See the GEDI04_A ATBD (Kellner et al., 2021) for further details on the uncertainty/calibration analysis applied.
Data Acquisition, Materials, and Methods
The GEDI instrument is aboard the International Space Station (ISS) and its mission aims to characterize ecosystem structure and dynamics to enable improved quantification and understanding of the Earth’s carbon cycle and biodiversity. GEDI is led by the University of Maryland in collaboration with NASA Goddard Space Flight Center. GEDI science data algorithms and products are created by the GEDI Science Team.
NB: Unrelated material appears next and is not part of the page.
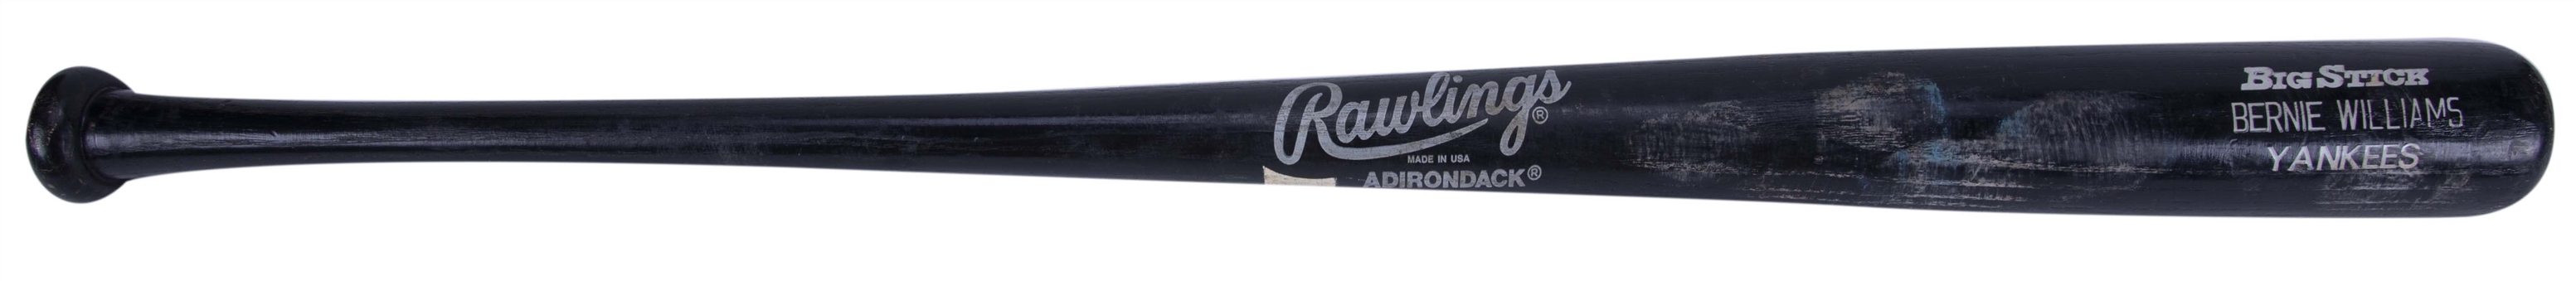 1995 Bernie Williams Yankees Game Used Rawlings 433B Professional Model Bat (PSA/DNA GU 9)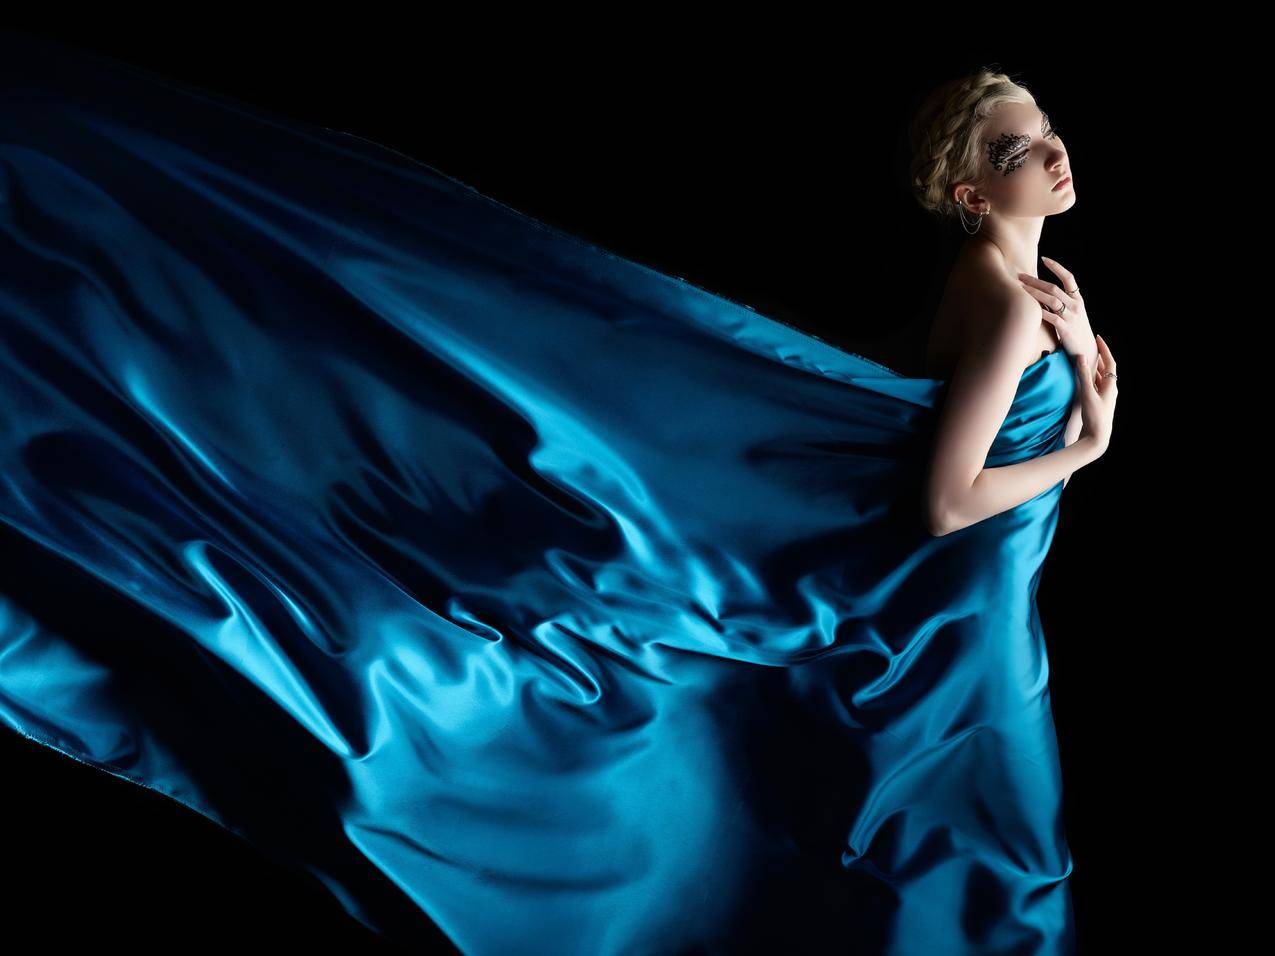 天使的魅力,自由,伤心,皮肤,蓝色礼服,6K美女图片

The GEDI instrument produces high-resolution laser ranging observations of the 3-dimensional structure of the Earth. GEDI was launched on December 5, 2018, and is attached to the ISS. GEDI collects data globally at the highest resolution and densest sampling of any light detection and ranging (lidar) instrument in orbit to date. The GEDI instrument consists of 3 lasers producing a total of 8 beam ground transects, which consist of ~25 m footprint samples spaced approximately every 60 m along-track. The GEDI beam transects are spaced approximately 600 m apart on the Earth’s surface in the cross-track direction, for an across-track width of ~4.2 km.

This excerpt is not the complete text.